The act of watching film together isn’t earth-shattering — the Bears already do that, in different groupings — but the Bears saying something needs to change at least acknowledges the dismal state of the offense.

They average 255.4 yards per game, the fewest in the NFL by 17 yards — and 205 yards less than the league-leading Cowboys. Their 124.4 passing yards per game ranks dead last, too — and is a whopping 200 yards per game less than the Buccaneers, who boast the best passing offense in football.

“it means a lot,” Mooney said of the meeting plan. “Obviously [Fields] wants to win. We want to win as well. So I mean, chemistry takes a long time to build up. But we’re trying to speed up the process, get it to where we need it to be right now. That’s the thing we’re working on.”

Asked how often they’ll meet on their own, Fields was blunt — “As much as we need to,” he said — even as he projected optimism that the offense will turn around.

“You just have those feelings,” he said. “You just feel it.
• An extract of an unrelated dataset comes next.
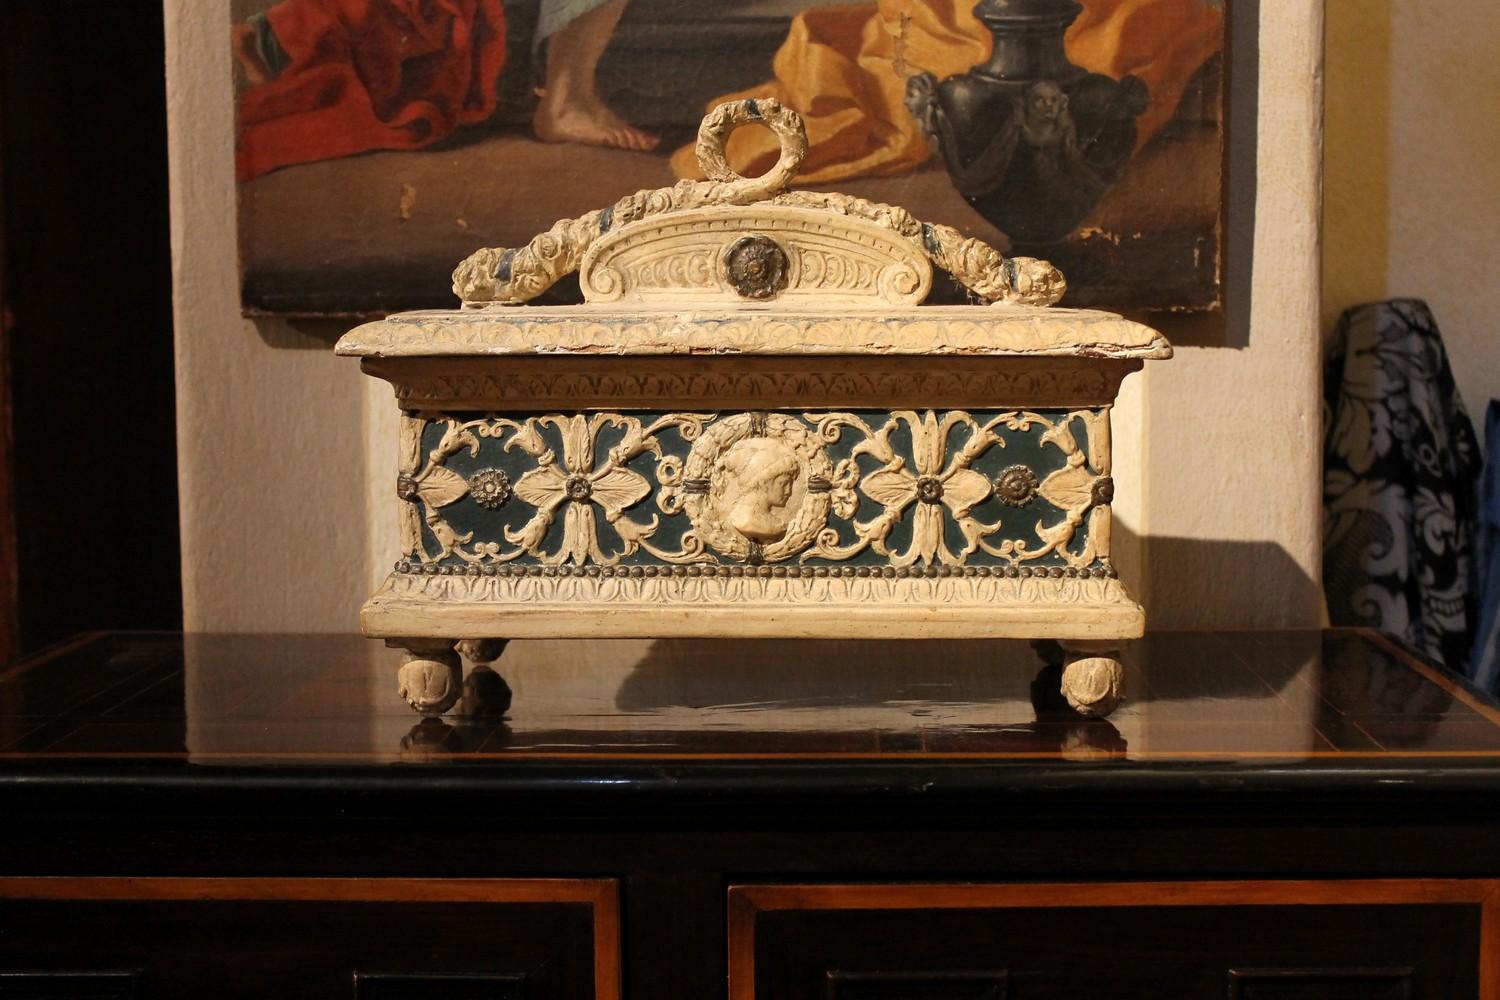 Cette belle boîte à couvercle rectangulaire Florentine du XIXe siècle est entièrement décorée en rond de tous les motifs italiens typiques de la Renaissance. La structure en bois blanc laqué et peint à la main, centrée par une large bande peinte en

It’s coming.”

Mooney does, too.

“You can see it,” he said. “You just gotta bring it from practice to the game … Everybody’s success echoes off of each other. It starts up front, and then it starts at the quarterback, then running back, run game, then receivers, you know?

“So we all gotta do our thing, do our job, and everything will work out as it should.”

That job, starting this week, includes an extra Zoom meeting.